→ **Directions for this task**
Pictures aside, copy every record word for word.

→ **Data**
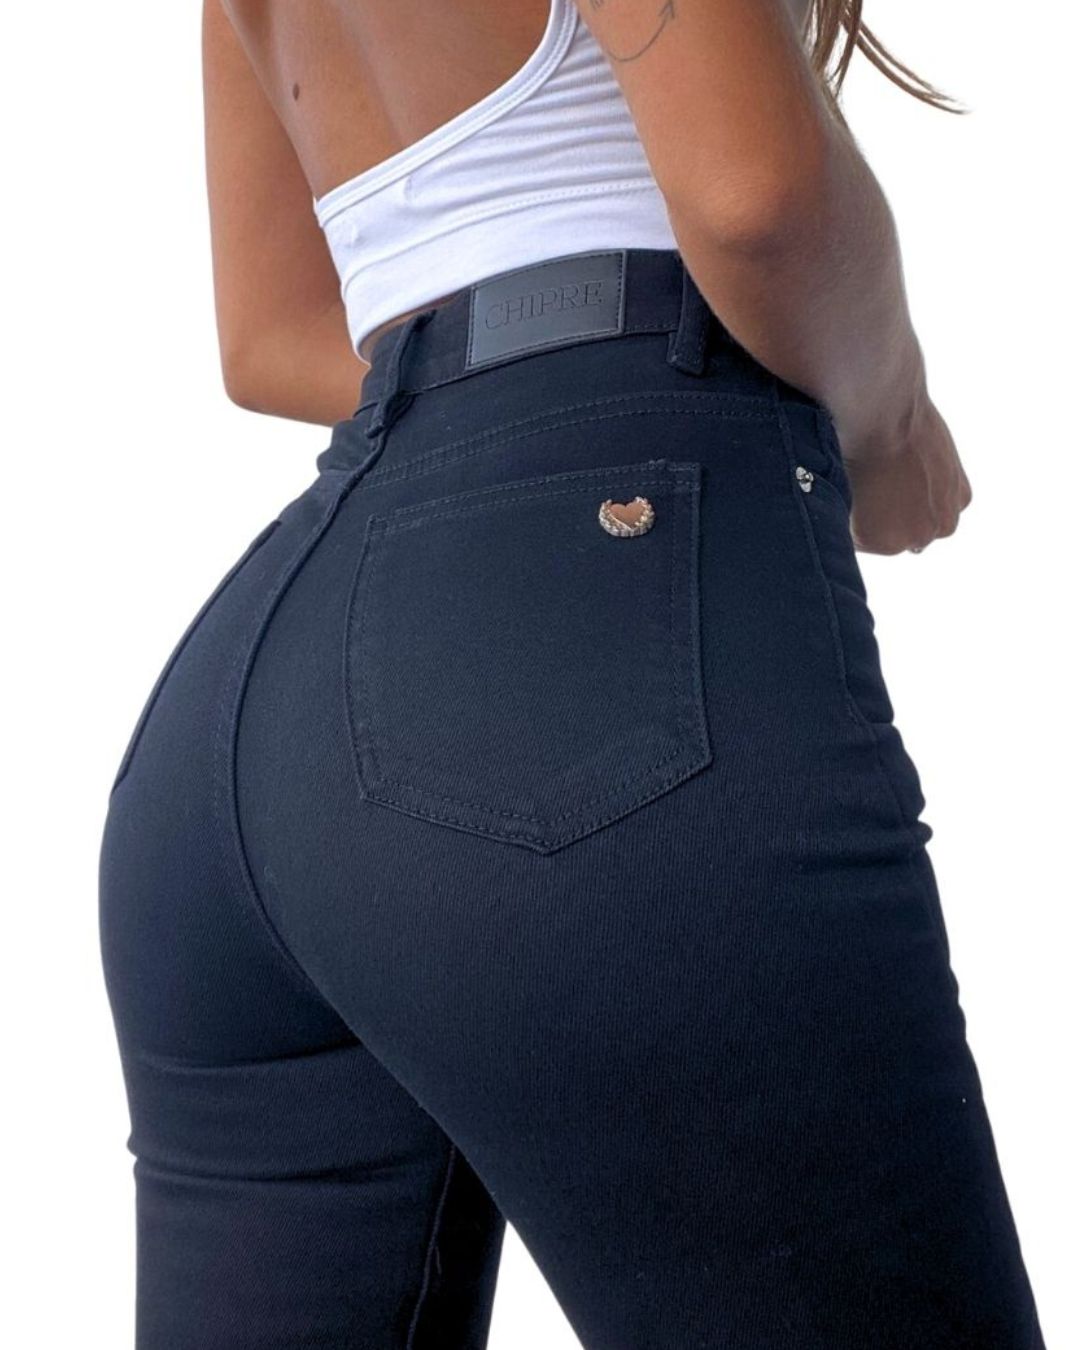 Kayros High-Rise Skinny Jean #FlatteringFit – Chipre Basic Denim
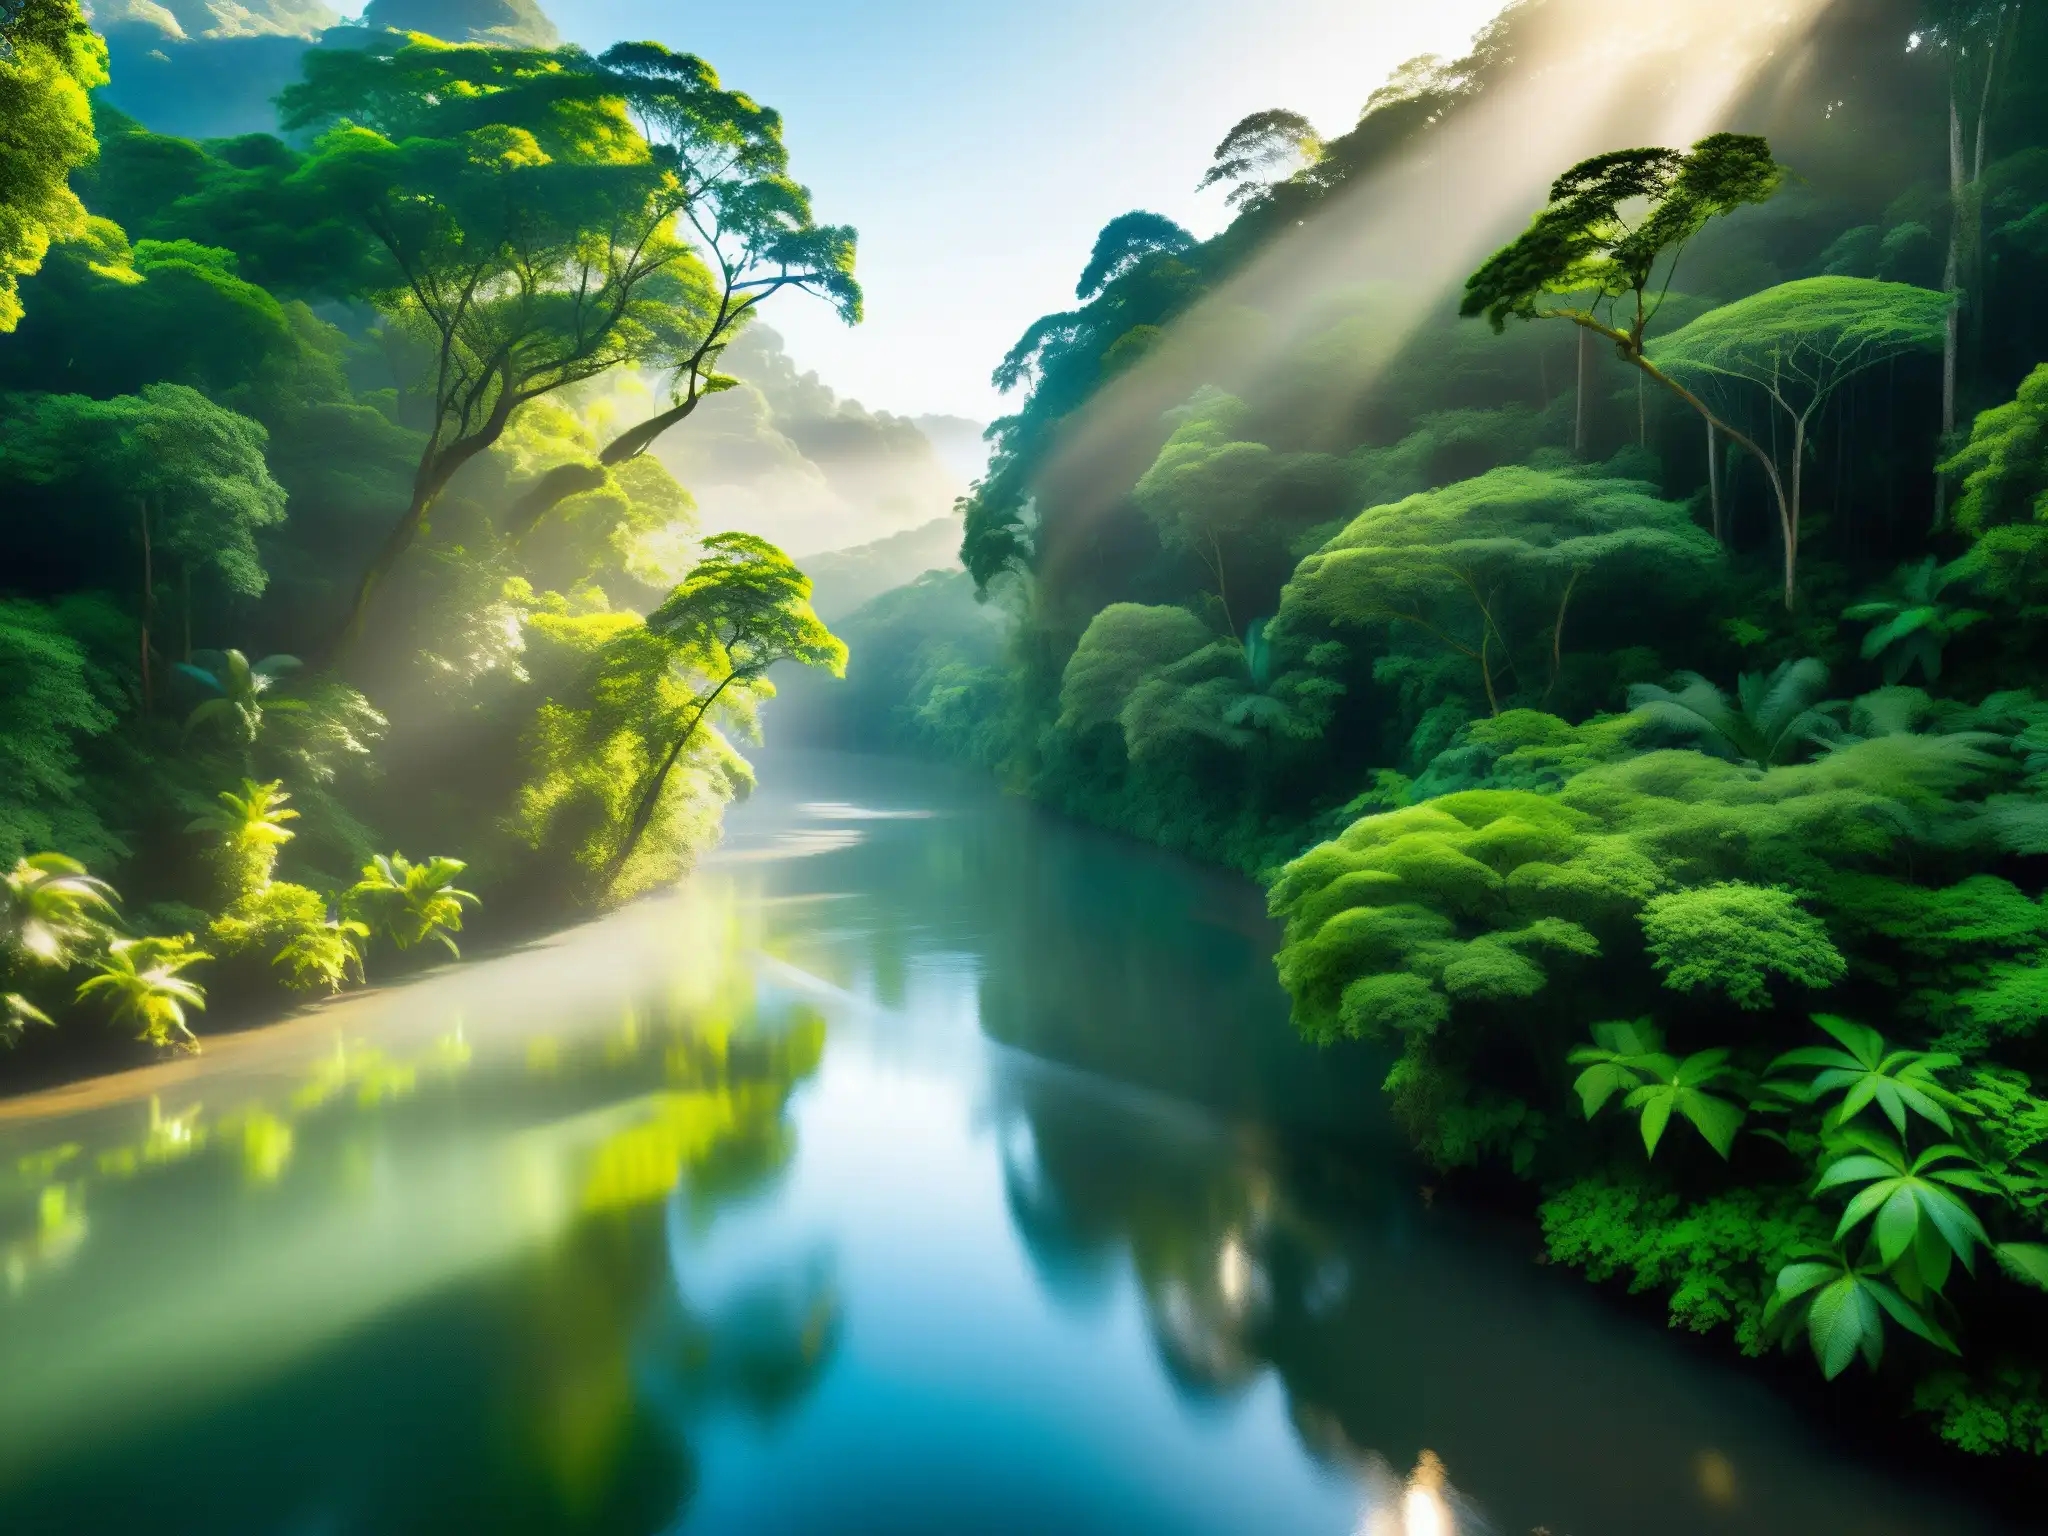 Un río sereno serpentea entre la exuberante selva, iluminado por el sol y cubierto de neblina
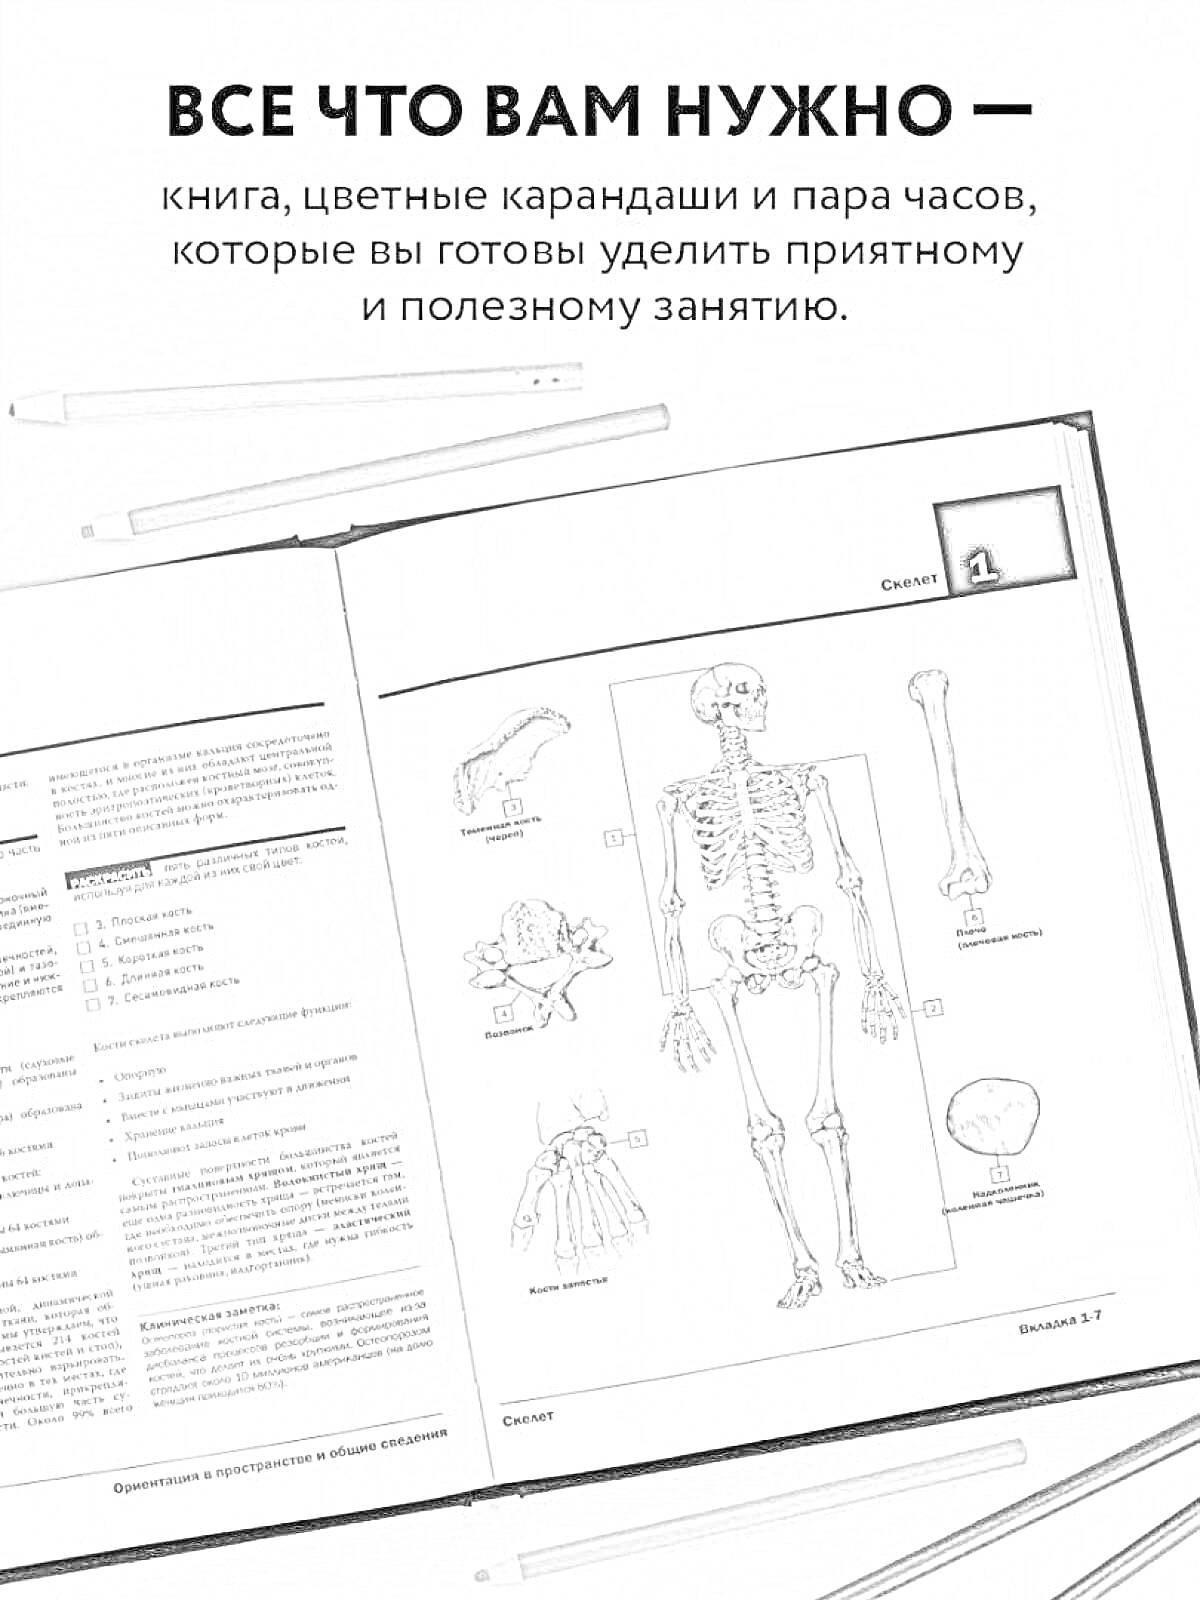 анатомический скелет и кости, включая череп, лопатку, таз, бедренную кость
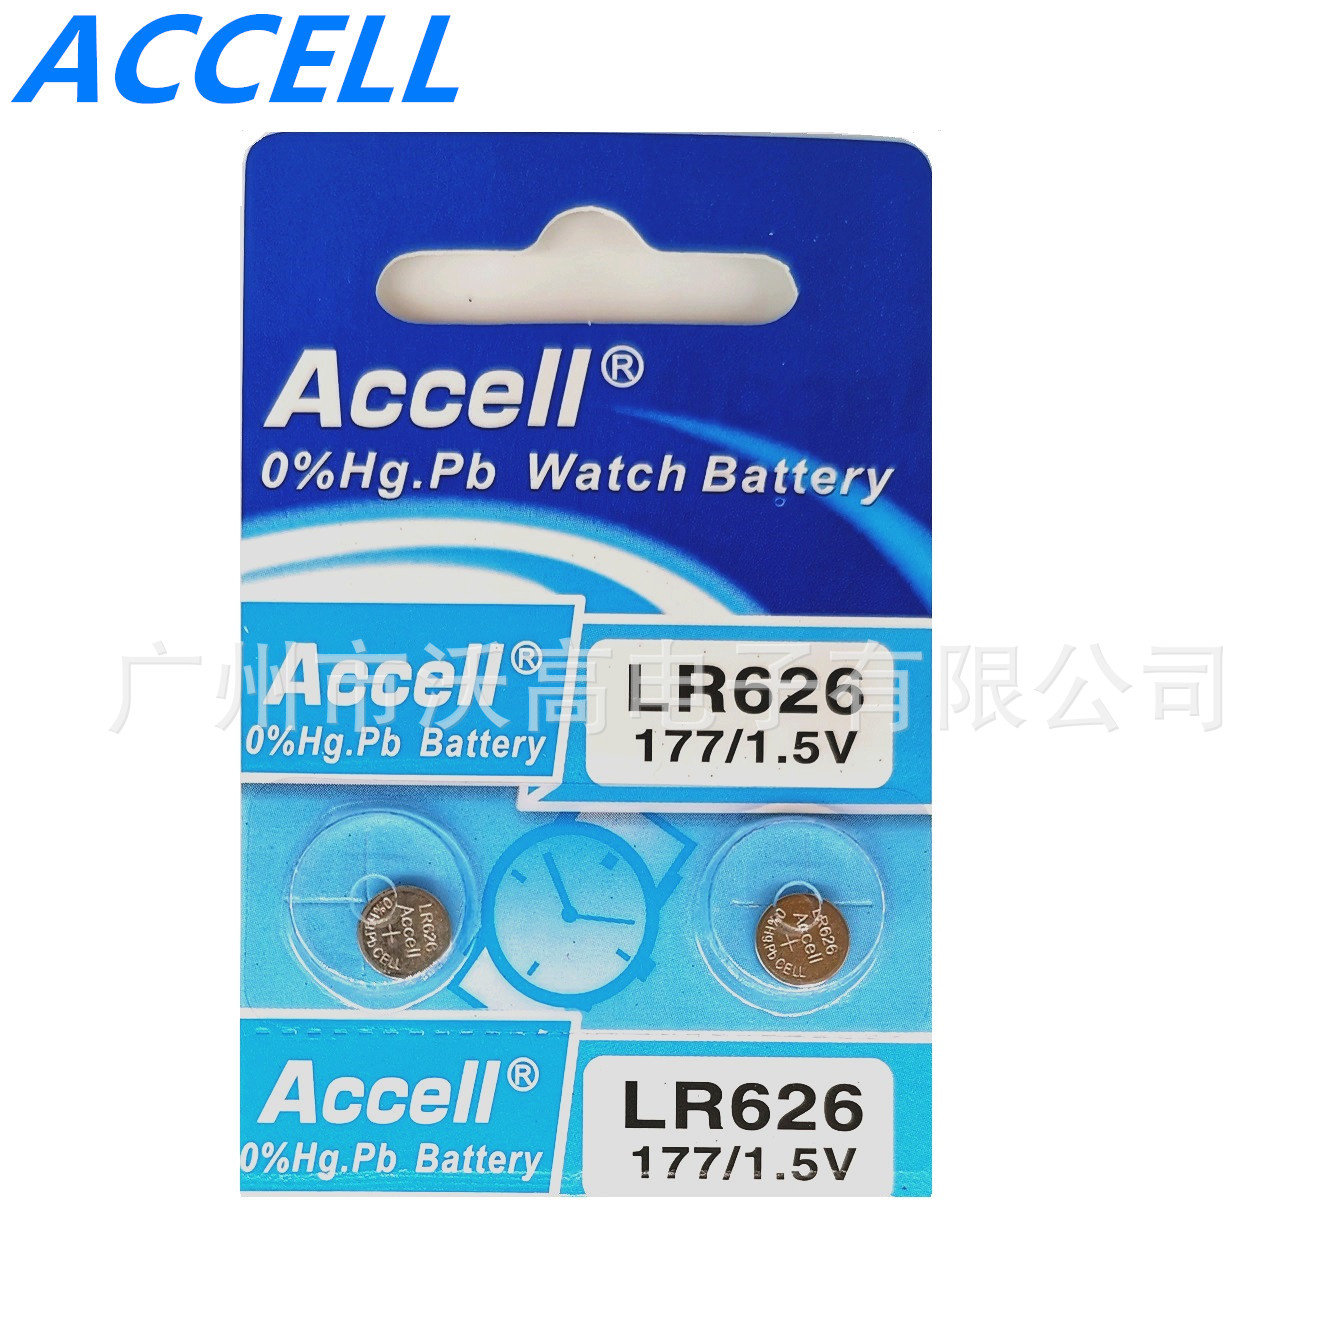 正品 Accell LR626/377 SL68 PC21 2035机芯通用 手表电池 碱性
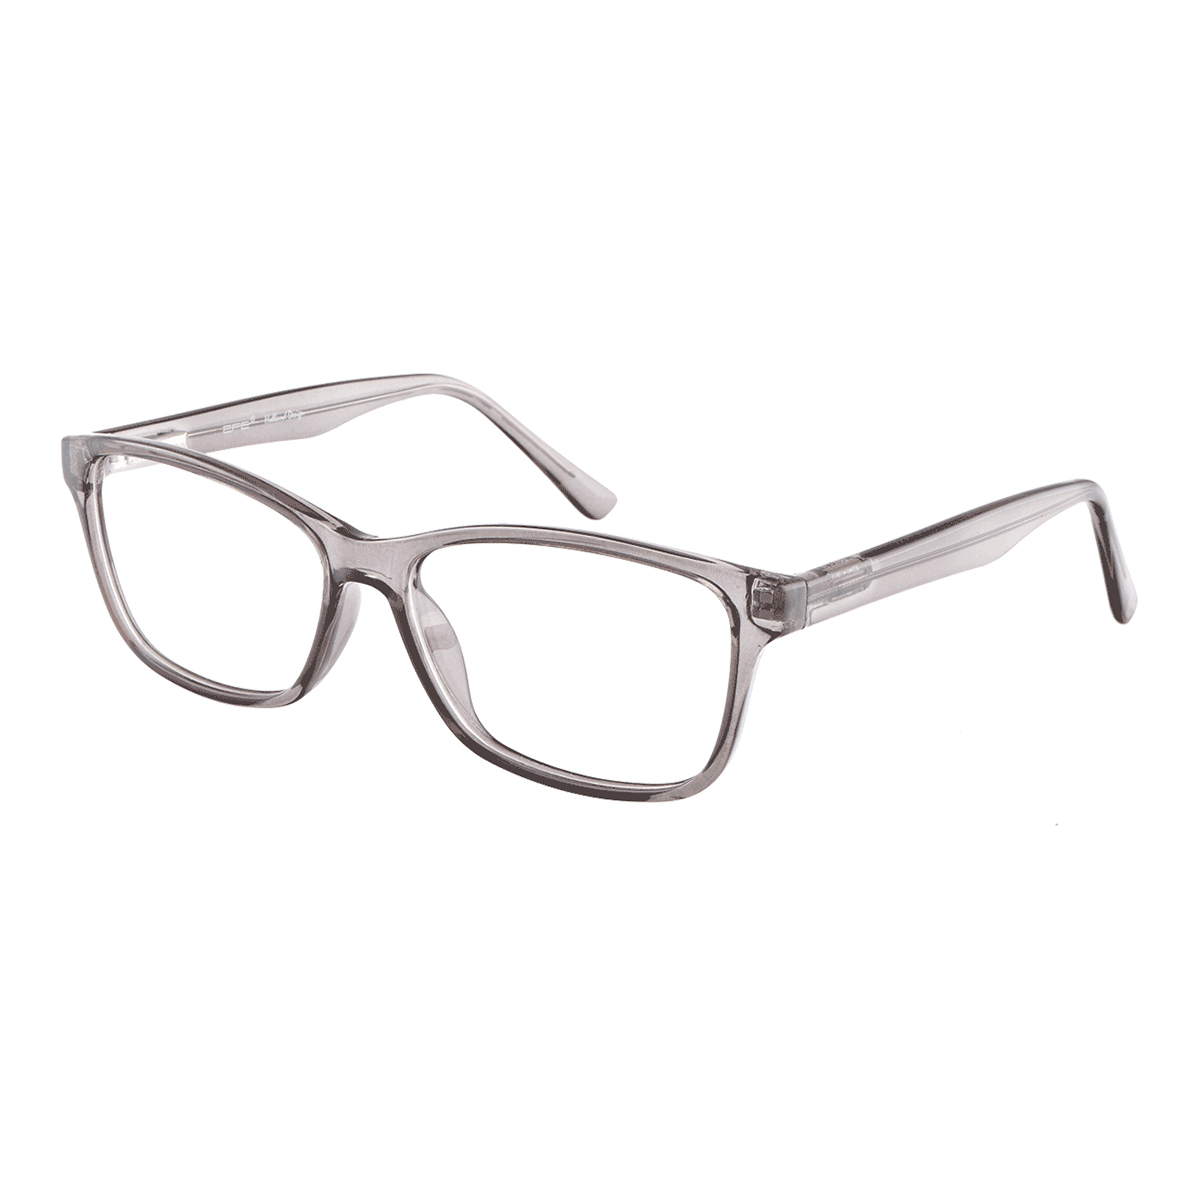 Cheek - Square Gray Reading Glasses for Men & Women

→ **Exercise solution**
 Kayros High-Rise Skinny Jean #FlatteringFit – Chipre Basic Denim
 Un río sereno serpentea entre la exuberante selva, iluminado por el sol y cubierto de neblina
 анатомический скелет и кости, включая череп, лопатку, таз, бедренную кость
 正品 Accell LR626/377 SL68 PC21 2035机芯通用 手表电池 碱性
 Cheek - Square Gray Reading Glasses for Men & Women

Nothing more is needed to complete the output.